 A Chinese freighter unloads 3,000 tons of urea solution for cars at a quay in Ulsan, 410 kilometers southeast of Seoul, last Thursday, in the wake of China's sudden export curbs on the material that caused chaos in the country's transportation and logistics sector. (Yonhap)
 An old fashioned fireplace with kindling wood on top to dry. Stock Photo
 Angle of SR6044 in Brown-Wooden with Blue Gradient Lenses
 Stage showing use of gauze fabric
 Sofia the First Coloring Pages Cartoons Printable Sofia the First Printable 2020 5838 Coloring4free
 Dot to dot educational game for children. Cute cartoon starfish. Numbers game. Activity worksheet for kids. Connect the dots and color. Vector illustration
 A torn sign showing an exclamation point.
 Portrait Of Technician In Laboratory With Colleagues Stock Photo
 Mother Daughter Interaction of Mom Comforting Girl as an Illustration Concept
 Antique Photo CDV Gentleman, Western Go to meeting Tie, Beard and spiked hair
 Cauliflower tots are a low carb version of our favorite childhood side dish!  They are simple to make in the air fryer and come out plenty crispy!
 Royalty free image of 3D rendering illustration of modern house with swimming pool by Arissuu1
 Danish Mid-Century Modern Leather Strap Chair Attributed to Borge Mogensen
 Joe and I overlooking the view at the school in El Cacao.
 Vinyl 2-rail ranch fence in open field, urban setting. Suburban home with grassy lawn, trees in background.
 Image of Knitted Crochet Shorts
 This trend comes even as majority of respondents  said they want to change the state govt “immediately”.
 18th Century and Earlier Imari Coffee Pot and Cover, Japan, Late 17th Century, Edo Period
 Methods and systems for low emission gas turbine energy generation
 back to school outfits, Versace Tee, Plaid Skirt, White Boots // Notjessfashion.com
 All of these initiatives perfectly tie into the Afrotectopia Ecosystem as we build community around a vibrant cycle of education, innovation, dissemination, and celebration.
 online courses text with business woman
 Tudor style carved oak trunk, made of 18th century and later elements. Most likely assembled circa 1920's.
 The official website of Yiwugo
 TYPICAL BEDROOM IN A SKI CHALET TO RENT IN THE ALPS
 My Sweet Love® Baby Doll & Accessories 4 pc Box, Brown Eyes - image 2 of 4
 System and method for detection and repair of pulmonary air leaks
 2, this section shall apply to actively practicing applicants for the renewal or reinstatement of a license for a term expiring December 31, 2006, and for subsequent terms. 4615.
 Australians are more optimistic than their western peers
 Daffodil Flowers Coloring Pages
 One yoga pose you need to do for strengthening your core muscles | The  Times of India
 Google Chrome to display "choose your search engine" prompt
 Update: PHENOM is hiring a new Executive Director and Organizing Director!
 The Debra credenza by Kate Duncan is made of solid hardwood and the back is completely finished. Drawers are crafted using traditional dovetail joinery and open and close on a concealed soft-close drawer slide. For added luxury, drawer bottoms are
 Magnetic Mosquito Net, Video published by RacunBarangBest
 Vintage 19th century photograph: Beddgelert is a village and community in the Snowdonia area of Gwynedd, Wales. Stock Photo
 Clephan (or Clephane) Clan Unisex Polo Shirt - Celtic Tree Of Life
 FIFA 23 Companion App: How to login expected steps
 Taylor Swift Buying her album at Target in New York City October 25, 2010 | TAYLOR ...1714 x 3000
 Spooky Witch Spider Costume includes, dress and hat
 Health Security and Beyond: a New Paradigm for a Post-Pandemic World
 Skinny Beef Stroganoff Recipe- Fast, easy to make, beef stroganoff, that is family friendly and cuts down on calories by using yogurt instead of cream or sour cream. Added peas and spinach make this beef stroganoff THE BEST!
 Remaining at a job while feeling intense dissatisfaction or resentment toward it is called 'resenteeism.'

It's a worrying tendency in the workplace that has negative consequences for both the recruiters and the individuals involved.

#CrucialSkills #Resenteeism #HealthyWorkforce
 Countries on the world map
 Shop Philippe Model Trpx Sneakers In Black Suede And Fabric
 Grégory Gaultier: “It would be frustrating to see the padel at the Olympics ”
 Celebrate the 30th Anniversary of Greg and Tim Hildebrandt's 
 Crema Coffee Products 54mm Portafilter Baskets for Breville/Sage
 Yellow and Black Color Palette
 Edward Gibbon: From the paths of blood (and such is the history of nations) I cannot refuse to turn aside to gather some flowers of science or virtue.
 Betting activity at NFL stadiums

^^^^

Reproduce the material in full, with no word added or dropped.

§ FINISHED EXERCISE
 A Chinese freighter unloads 3,000 tons of urea solution for cars at a quay in Ulsan, 410 kilometers southeast of Seoul, last Thursday, in the wake of China's sudden export curbs on the material that caused chaos in the country's transportation and logistics sector. (Yonhap)
 An old fashioned fireplace with kindling wood on top to dry. Stock Photo
 Angle of SR6044 in Brown-Wooden with Blue Gradient Lenses
 Stage showing use of gauze fabric
 Sofia the First Coloring Pages Cartoons Printable Sofia the First Printable 2020 5838 Coloring4free
 Dot to dot educational game for children. Cute cartoon starfish. Numbers game. Activity worksheet for kids. Connect the dots and color. Vector illustration
 A torn sign showing an exclamation point.
 Portrait Of Technician In Laboratory With Colleagues Stock Photo
 Mother Daughter Interaction of Mom Comforting Girl as an Illustration Concept
 Antique Photo CDV Gentleman, Western Go to meeting Tie, Beard and spiked hair
 Cauliflower tots are a low carb version of our favorite childhood side dish!  They are simple to make in the air fryer and come out plenty crispy!
 Royalty free image of 3D rendering illustration of modern house with swimming pool by Arissuu1
 Danish Mid-Century Modern Leather Strap Chair Attributed to Borge Mogensen
 Joe and I overlooking the view at the school in El Cacao.
 Vinyl 2-rail ranch fence in open field, urban setting. Suburban home with grassy lawn, trees in background.
 Image of Knitted Crochet Shorts
 This trend comes even as majority of respondents  said they want to change the state govt “immediately”.
 18th Century and Earlier Imari Coffee Pot and Cover, Japan, Late 17th Century, Edo Period
 Methods and systems for low emission gas turbine energy generation
 back to school outfits, Versace Tee, Plaid Skirt, White Boots // Notjessfashion.com
 All of these initiatives perfectly tie into the Afrotectopia Ecosystem as we build community around a vibrant cycle of education, innovation, dissemination, and celebration.
 online courses text with business woman
 Tudor style carved oak trunk, made of 18th century and later elements. Most likely assembled circa 1920's.
 The official website of Yiwugo
 TYPICAL BEDROOM IN A SKI CHALET TO RENT IN THE ALPS
 My Sweet Love® Baby Doll & Accessories 4 pc Box, Brown Eyes - image 2 of 4
 System and method for detection and repair of pulmonary air leaks
 2, this section shall apply to actively practicing applicants for the renewal or reinstatement of a license for a term expiring December 31, 2006, and for subsequent terms. 4615.
 Australians are more optimistic than their western peers
 Daffodil Flowers Coloring Pages
 One yoga pose you need to do for strengthening your core muscles | The  Times of India
 Google Chrome to display "choose your search engine" prompt
 Update: PHENOM is hiring a new Executive Director and Organizing Director!
 The Debra credenza by Kate Duncan is made of solid hardwood and the back is completely finished. Drawers are crafted using traditional dovetail joinery and open and close on a concealed soft-close drawer slide. For added luxury, drawer bottoms are
 Magnetic Mosquito Net, Video published by RacunBarangBest
 Vintage 19th century photograph: Beddgelert is a village and community in the Snowdonia area of Gwynedd, Wales. Stock Photo
 Clephan (or Clephane) Clan Unisex Polo Shirt - Celtic Tree Of Life
 FIFA 23 Companion App: How to login expected steps
 Taylor Swift Buying her album at Target in New York City October 25, 2010 | TAYLOR ...1714 x 3000
 Spooky Witch Spider Costume includes, dress and hat
 Health Security and Beyond: a New Paradigm for a Post-Pandemic World
 Skinny Beef Stroganoff Recipe- Fast, easy to make, beef stroganoff, that is family friendly and cuts down on calories by using yogurt instead of cream or sour cream. Added peas and spinach make this beef stroganoff THE BEST!
 Remaining at a job while feeling intense dissatisfaction or resentment toward it is called 'resenteeism.'

It's a worrying tendency in the workplace that has negative consequences for both the recruiters and the individuals involved.

#CrucialSkills #Resenteeism #HealthyWorkforce
 Countries on the world map
 Shop Philippe Model Trpx Sneakers In Black Suede And Fabric
 Grégory Gaultier: “It would be frustrating to see the padel at the Olympics ”
 Celebrate the 30th Anniversary of Greg and Tim Hildebrandt's 
 Crema Coffee Products 54mm Portafilter Baskets for Breville/Sage
 Yellow and Black Color Palette
 Edward Gibbon: From the paths of blood (and such is the history of nations) I cannot refuse to turn aside to gather some flowers of science or virtue.
 Betting activity at NFL stadiums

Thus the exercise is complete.